The world seems to be so fake with everyone putting on a mask. Regardless of how they really feel or what they believe in, people tend to just put on a mask and fake it to suit into the so called normal society. Humans made the rules, rules are the ones to be manipulated not us. Why should anyone of us hide our real identities behind a mask just to conform with the expectations of others? It has been so sickening in my opinion that just to pretend to be someone they are not in real lives some losers actually resort to take up a different identity on the internet and even use other people's photos just to run away from reality. I know i may sound like a hypocrite but i have my fair share of putting on a mask just to blend into the crowd.
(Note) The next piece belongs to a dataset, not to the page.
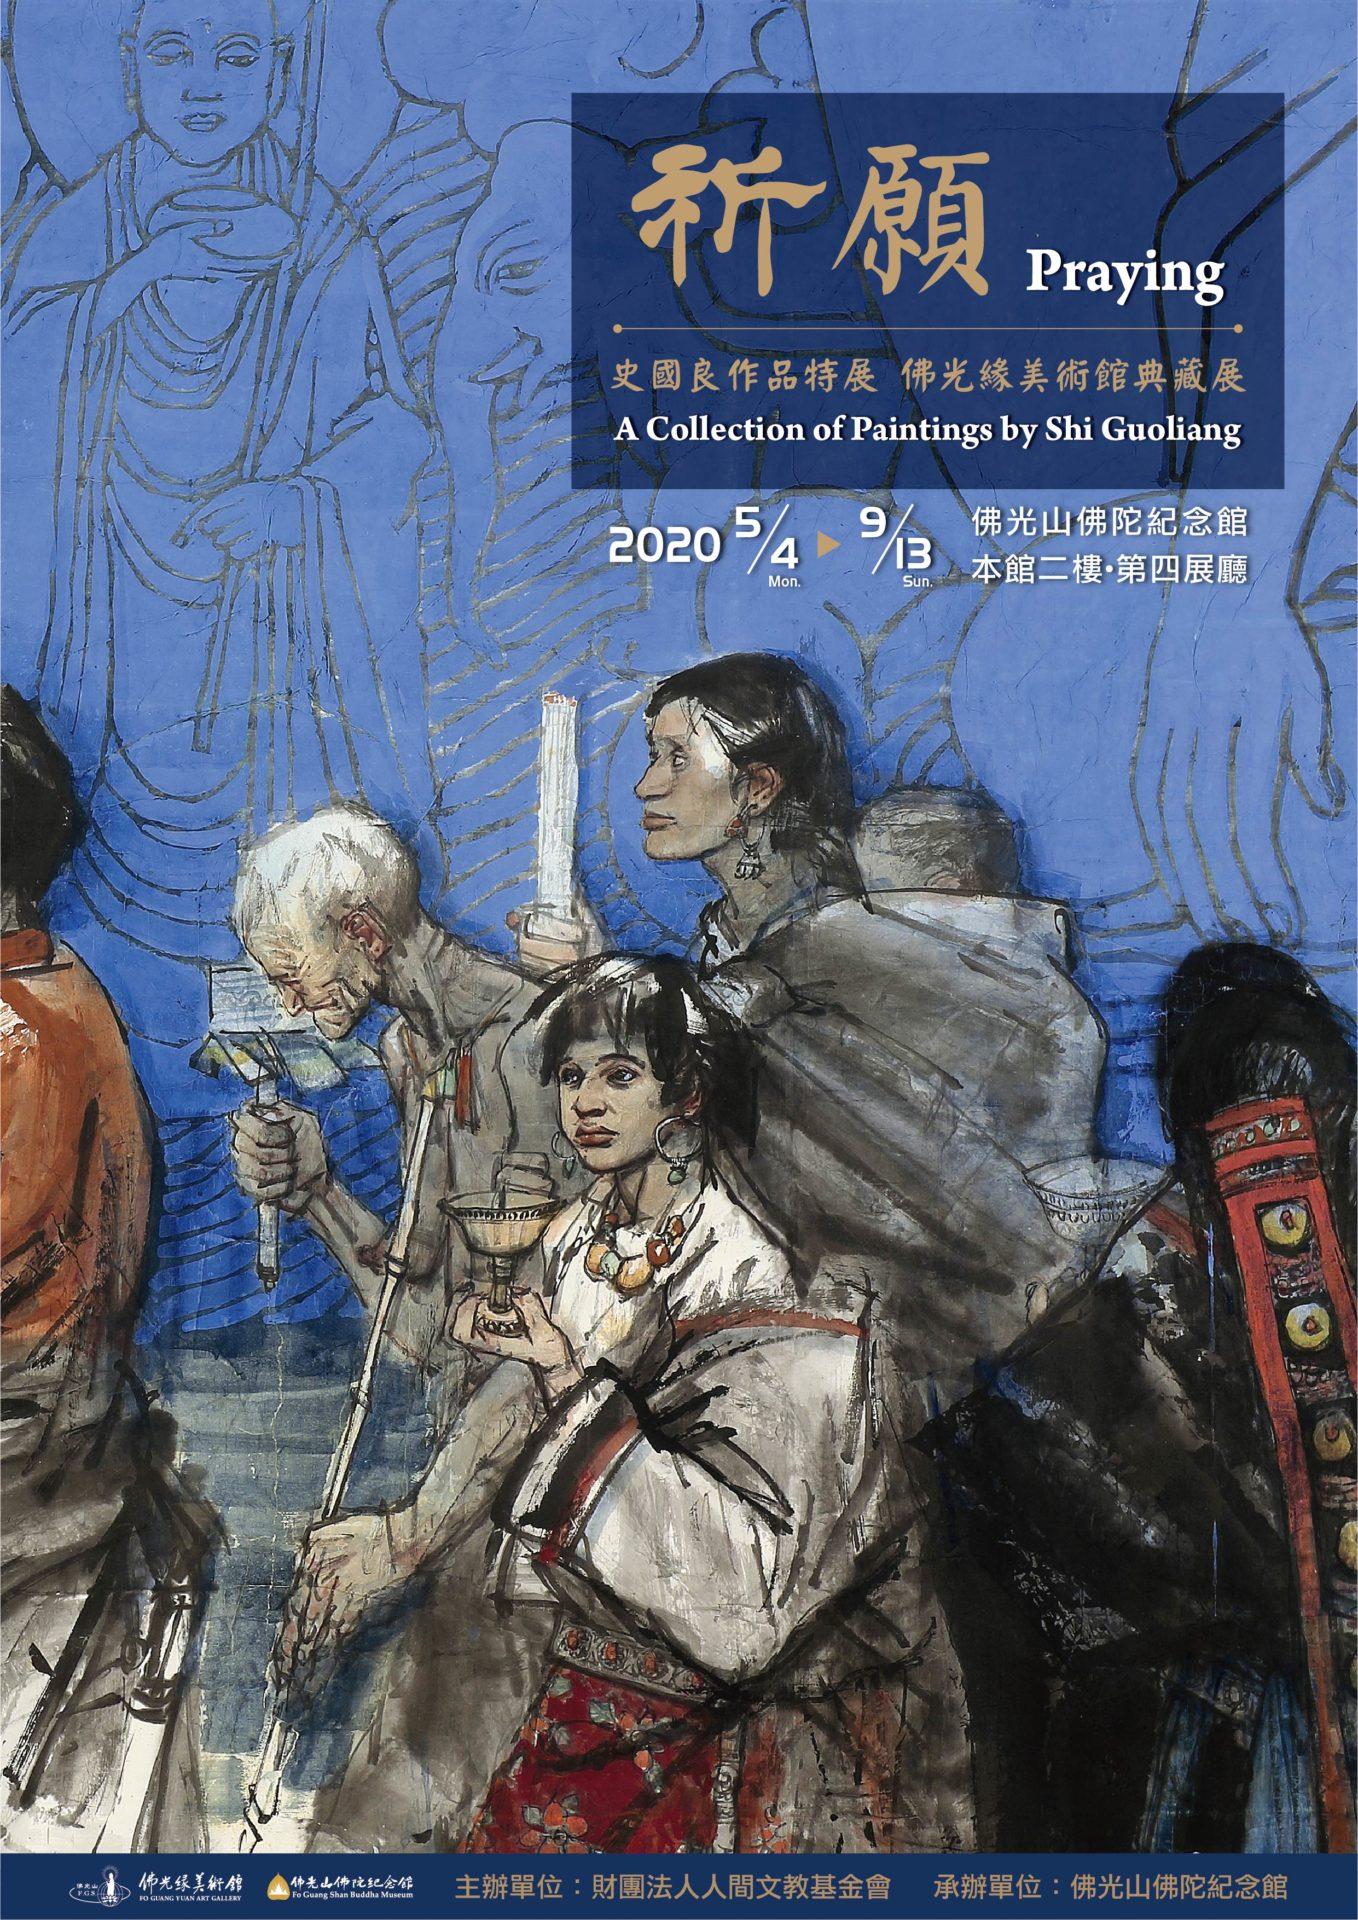 佛陀紀念館:2020/05/04-2020/09/13【祈願─佛光緣美術館典藏 史國良作品展】

At times it was fun pretending I am someone else as it can put my persuasion skills to the test. At times it does come as an achievement to be able to fool some people and feels great to be a liar. It's like telling lies with such conviction and a straight face that most people would actually think I was talking to them from the bottom of my heart. At other times, when I do really give my opinions i make it look fake and people would just take it as a joke. At times I do wonder which is the real me. Am I a liar? Maybe... Or it could just be that i do not want others to understand me well. At least it'll take people sometime to figure out if i am a friend or a foe. But lately, it has been so tiring already. Knowing how it feels like to have been fooled, I feel so tired of putting on a mask i call a face. I no longer care if people want to think that i am a fucker or an arsehole. It's their opinion. Opinions of those i do not care do not matter anyway. Sometimes I wonder how many real friends i truly have. Is everyone just someone with a mask on? But still i guess i have enough faith in some of those people who i call my best pals to not betray me. That is the only consolation that i can get these days when i happen to bump into an obstacle in life. If we do walk out to the streets and we can tell if people are wearing a mask, i wonder how many impostors will we run into? Life's fake, get real!